Task objective
The full listing should be written out verbatim, and its images should be dropped.

Given information
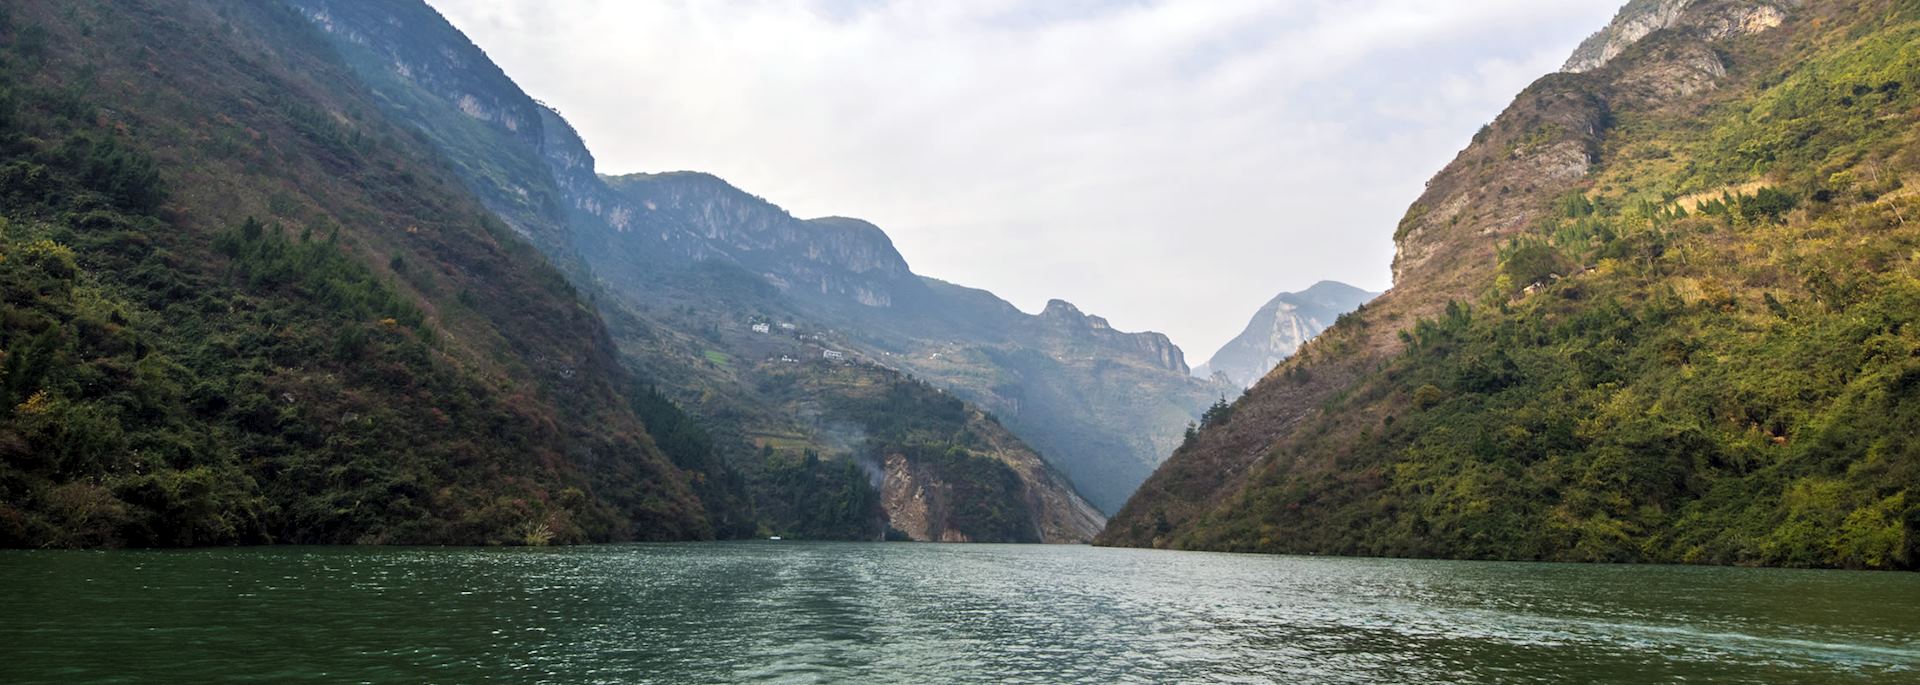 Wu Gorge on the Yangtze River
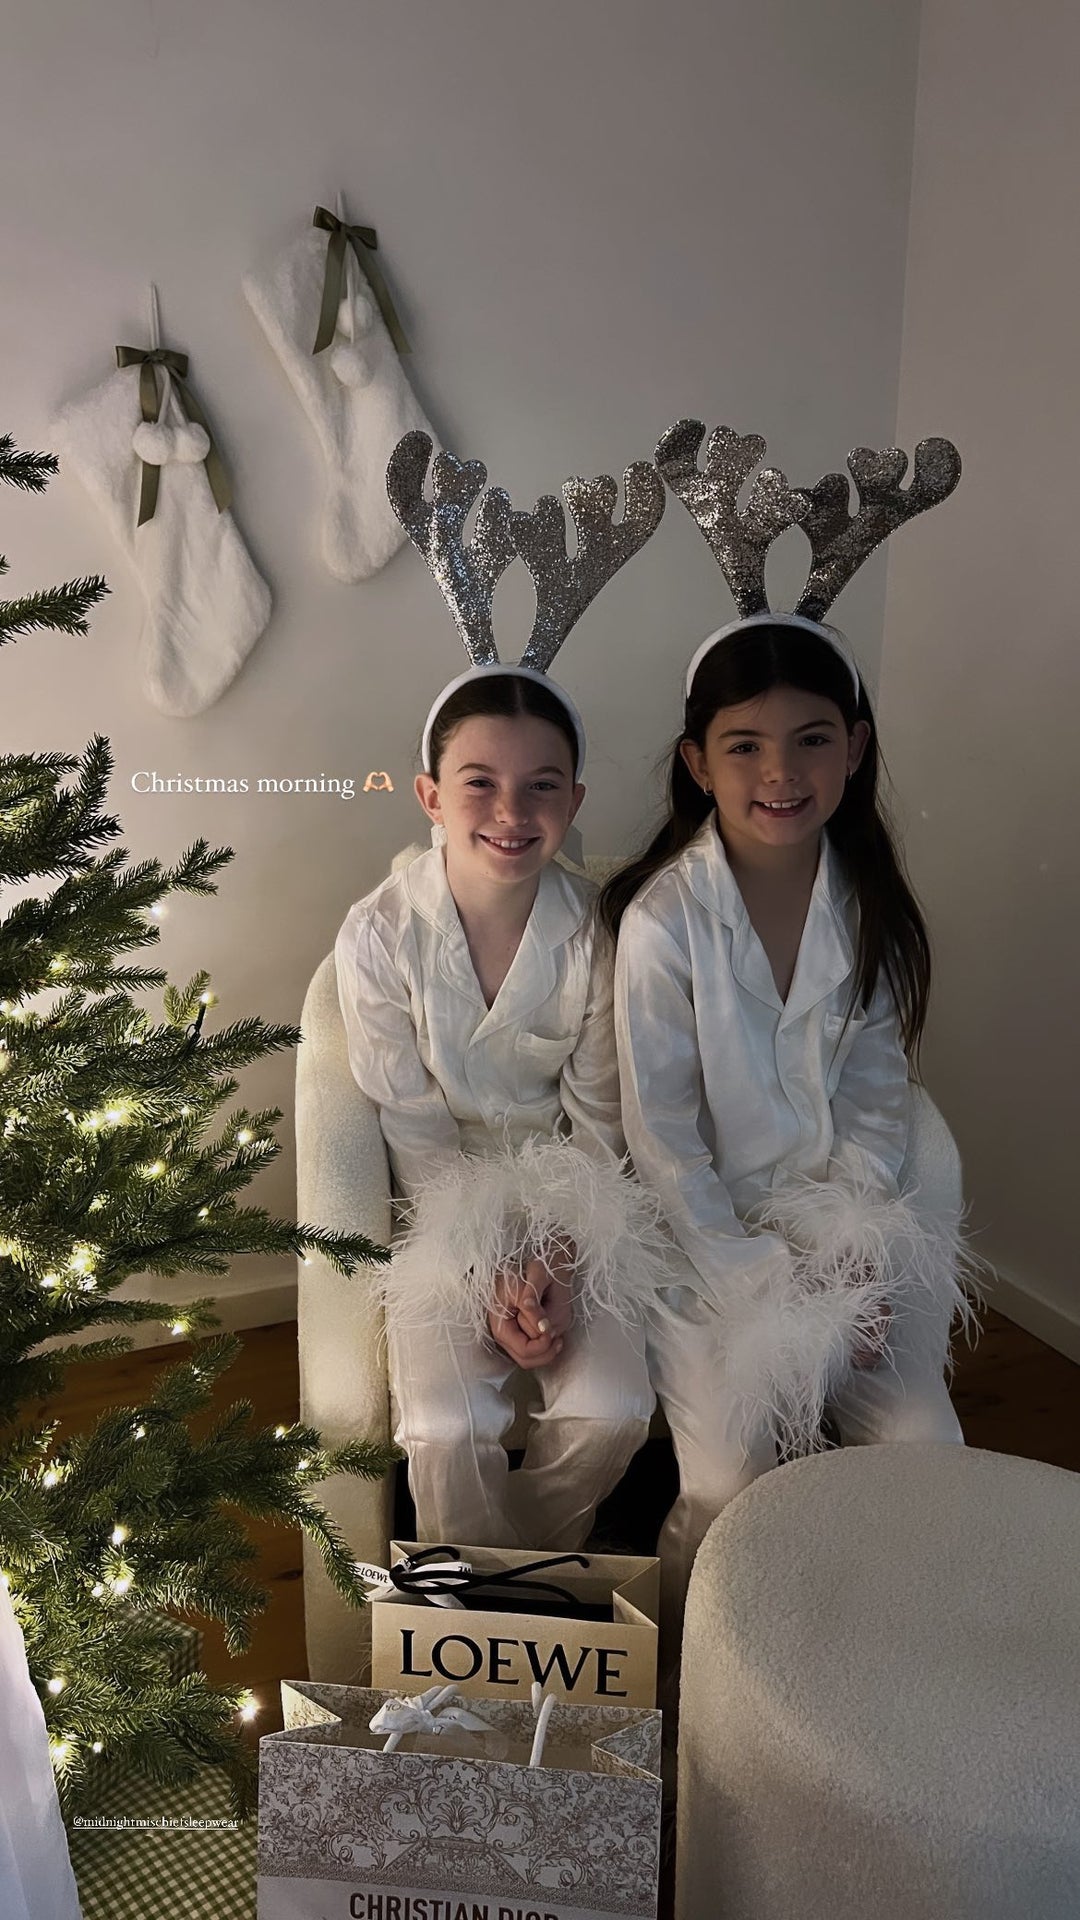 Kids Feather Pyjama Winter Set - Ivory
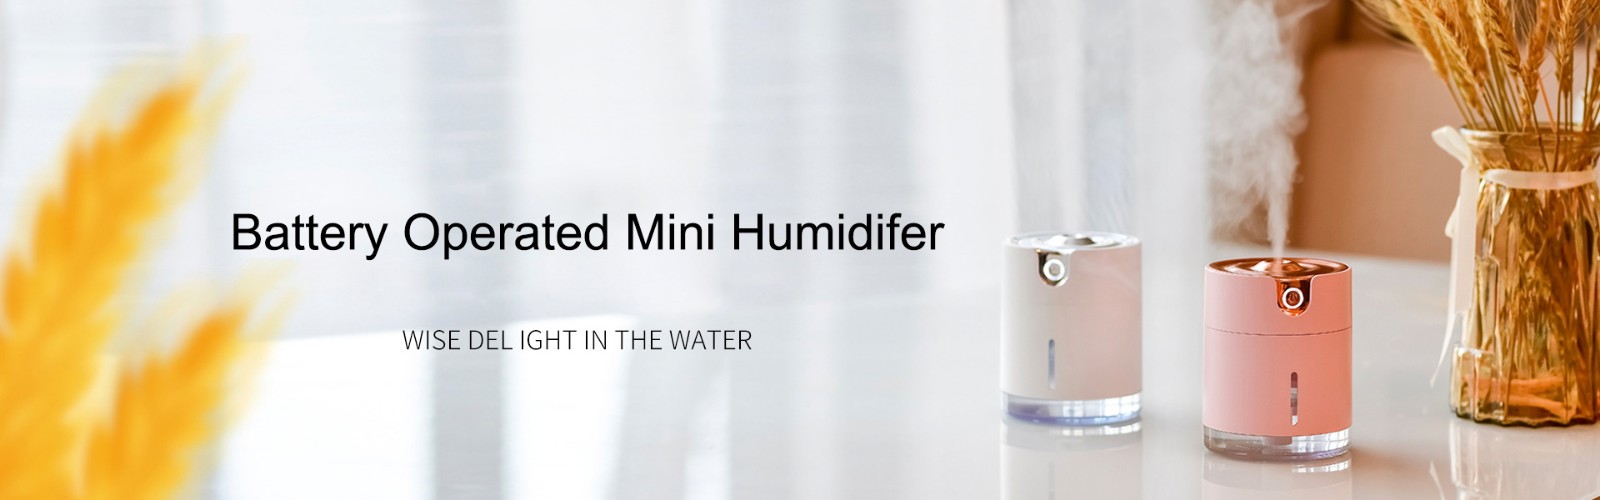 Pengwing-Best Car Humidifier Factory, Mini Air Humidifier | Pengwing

Response below
 Wu Gorge on the Yangtze River
 Kids Feather Pyjama Winter Set - Ivory
 Pengwing-Best Car Humidifier Factory, Mini Air Humidifier | Pengwing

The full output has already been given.